• ENTRIES PROVIDED:
┄┄┄┄┄┄┄┄┄┄┄┄┄┄┄┄┄┄┄┄
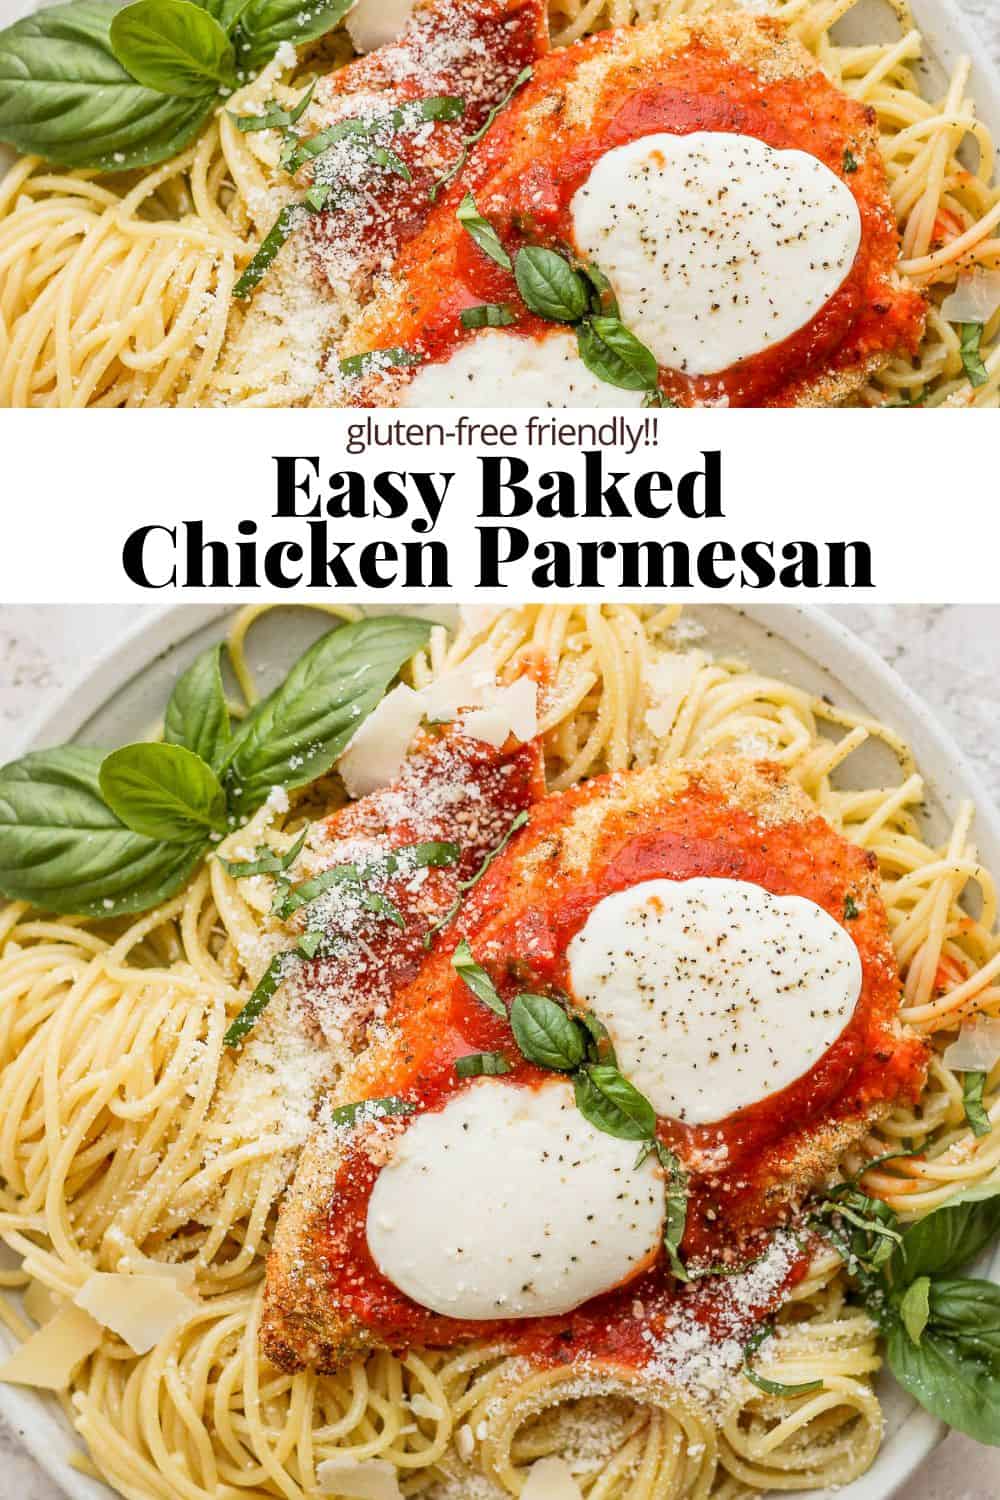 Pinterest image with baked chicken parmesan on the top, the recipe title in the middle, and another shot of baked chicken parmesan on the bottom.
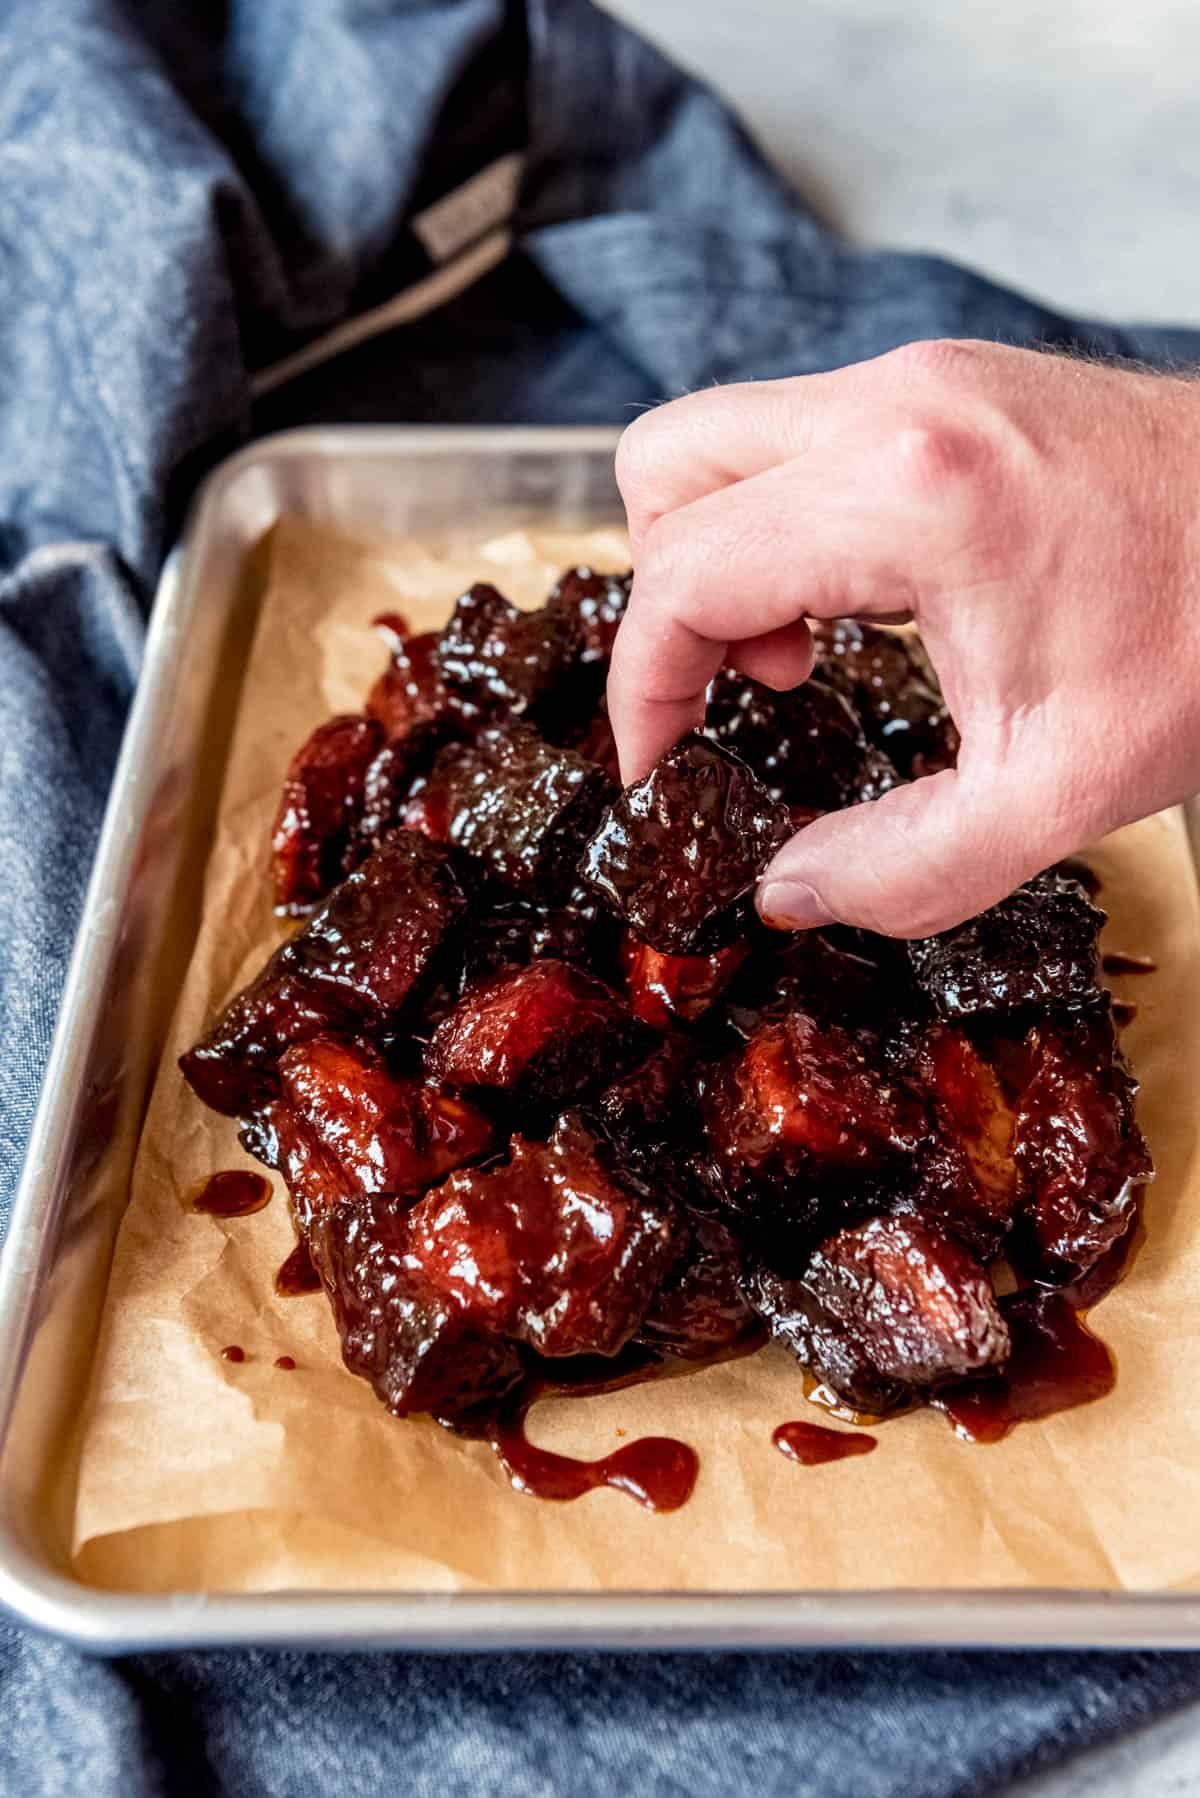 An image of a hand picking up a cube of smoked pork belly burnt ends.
┄┄┄┄┄┄┄┄┄┄┄┄┄┄┄┄┄┄┄┄
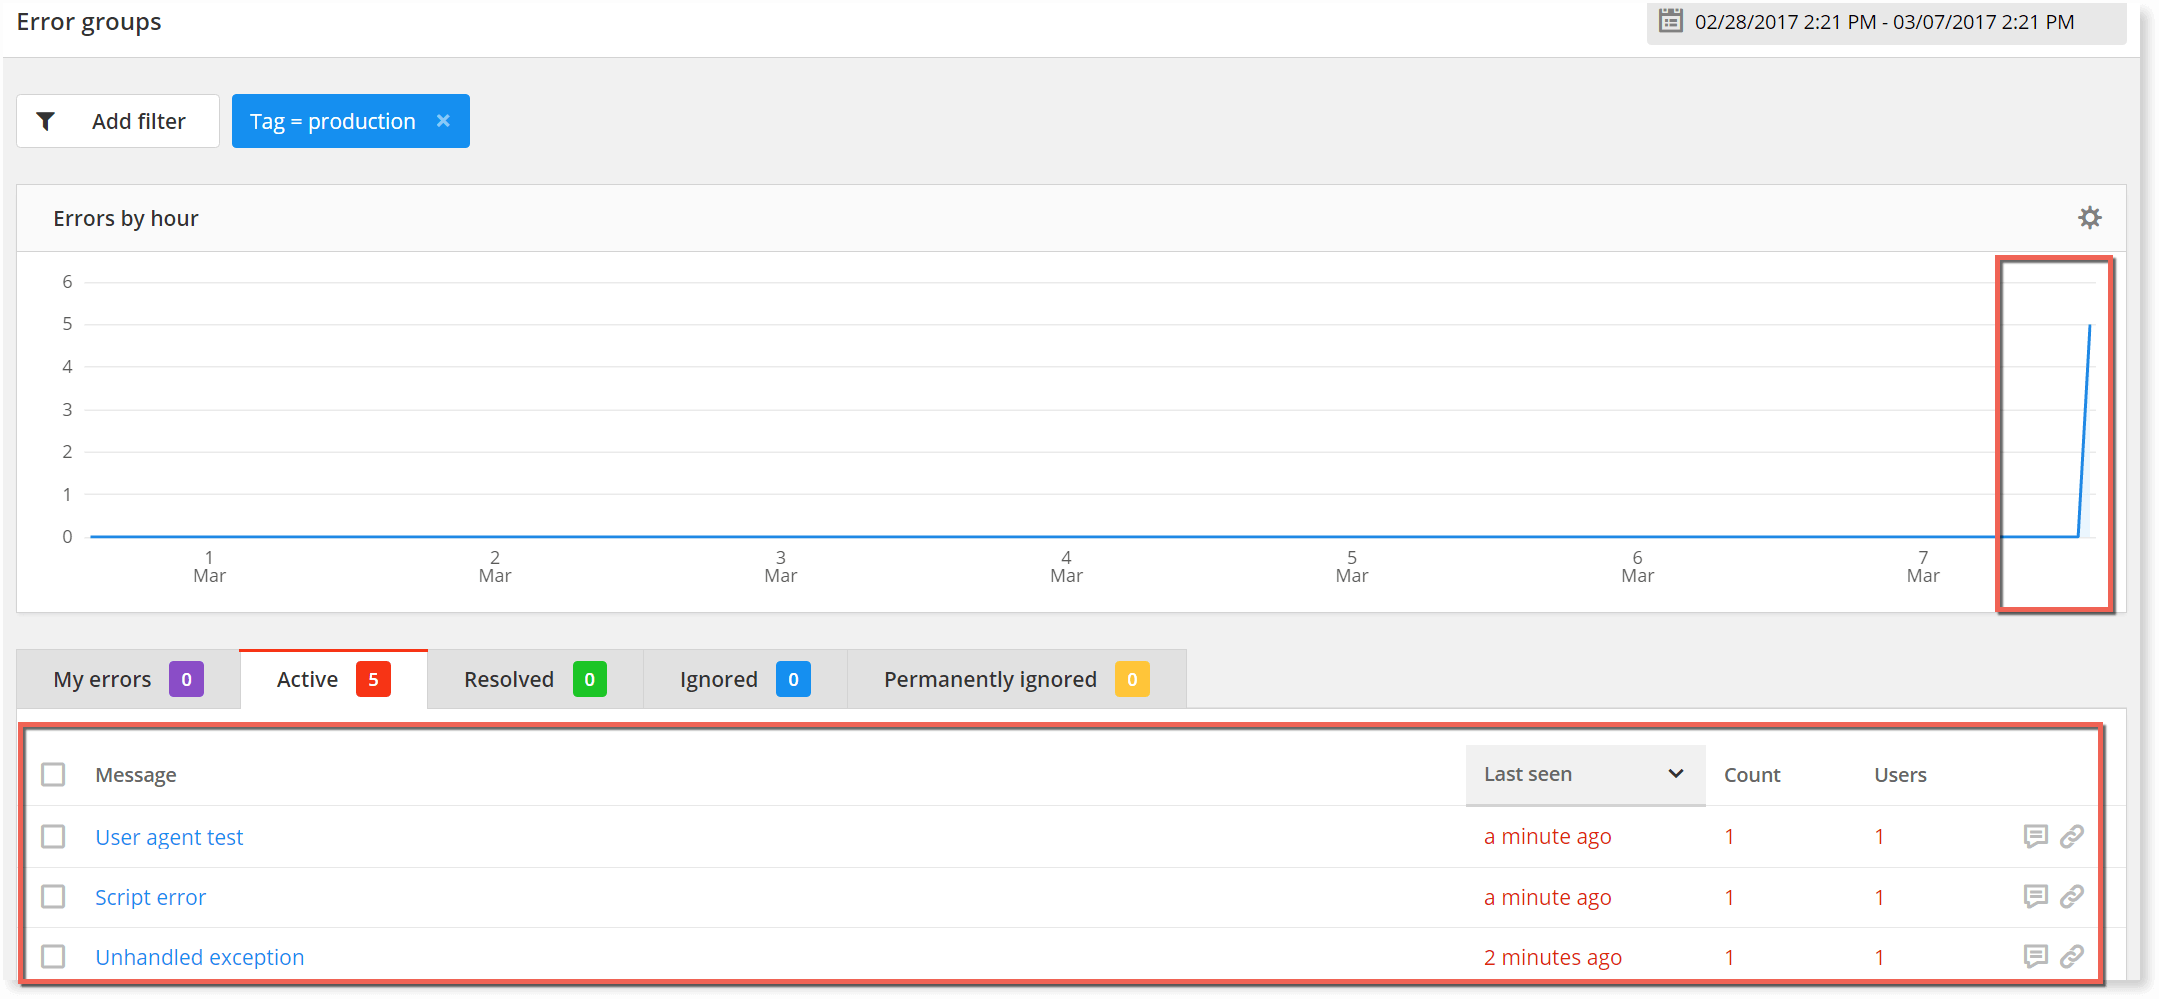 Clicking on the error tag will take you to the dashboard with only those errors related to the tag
┄┄┄┄┄┄┄┄┄┄┄┄┄┄┄┄┄┄┄┄
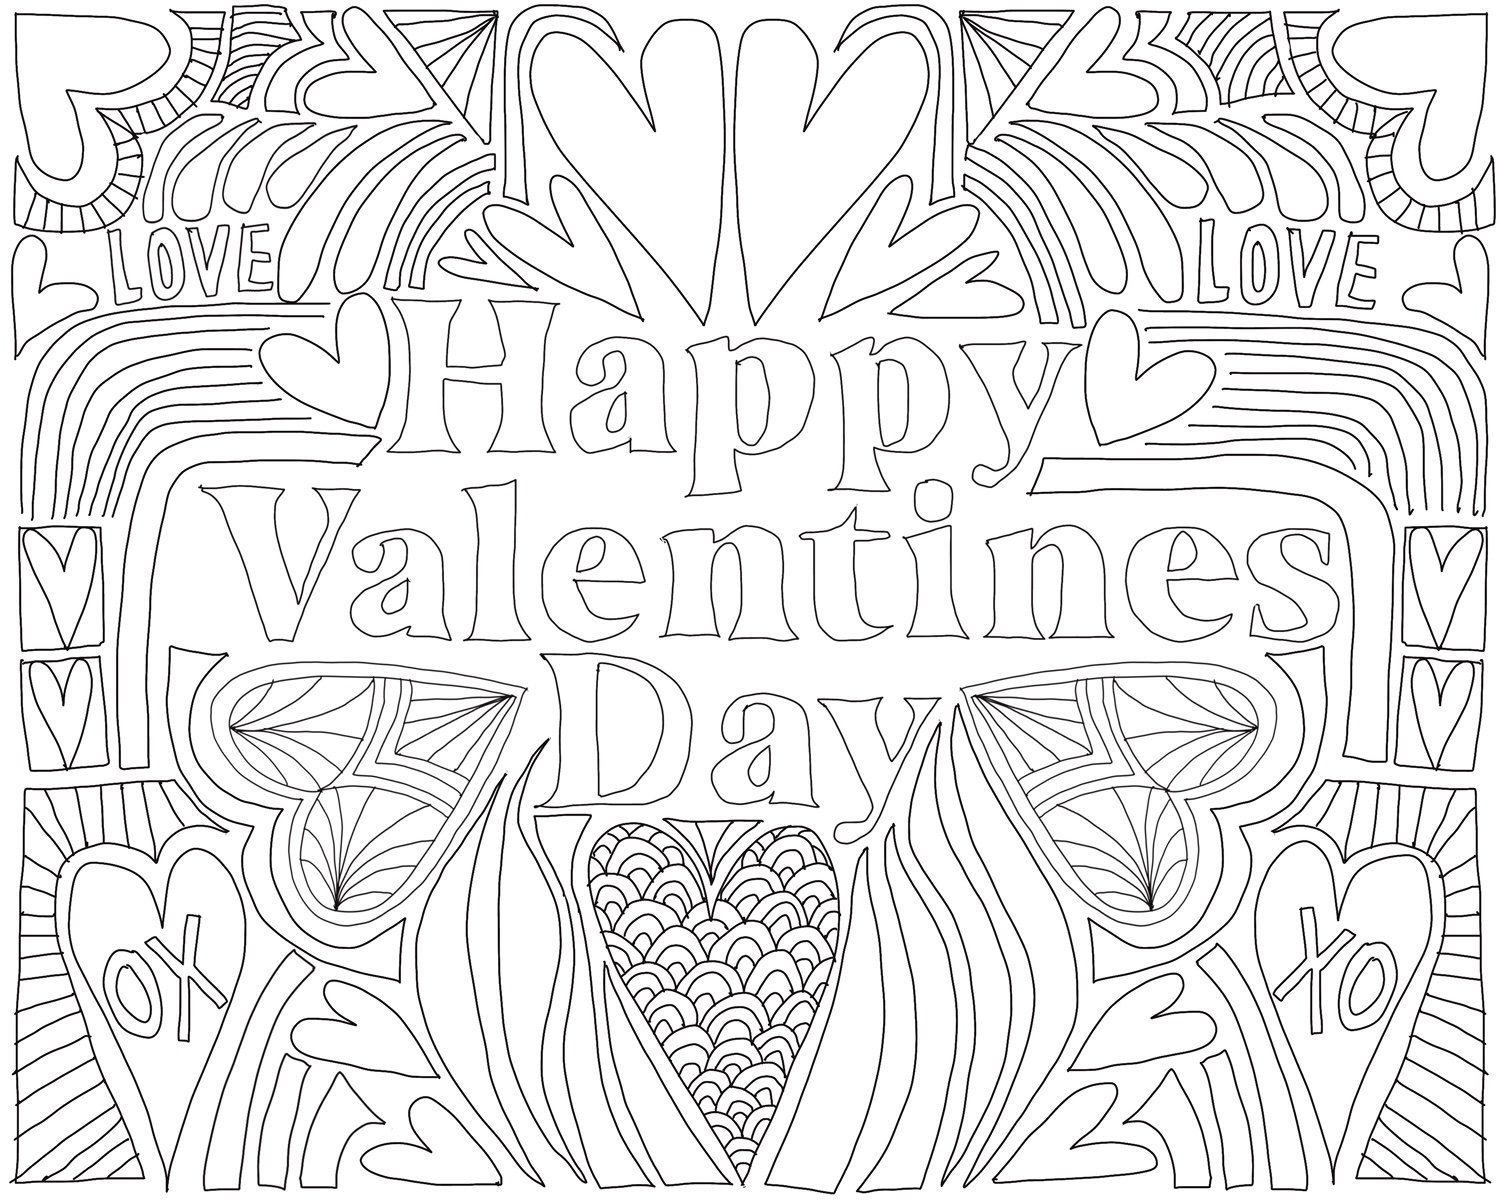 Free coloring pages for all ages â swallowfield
┄┄┄┄┄┄┄┄┄┄┄┄┄┄┄┄┄┄┄┄
• ACTION ITEM:
When you reach the line that has "Pinterest image with" in the data above, start repeating lines exactly, and stop after the line that has "An image of"; pictures stay out.

• EXERCISE SOLUTION:
 Pinterest image with baked chicken parmesan on the top, the recipe title in the middle, and another shot of baked chicken parmesan on the bottom.
 An image of a hand picking up a cube of smoked pork belly burnt ends.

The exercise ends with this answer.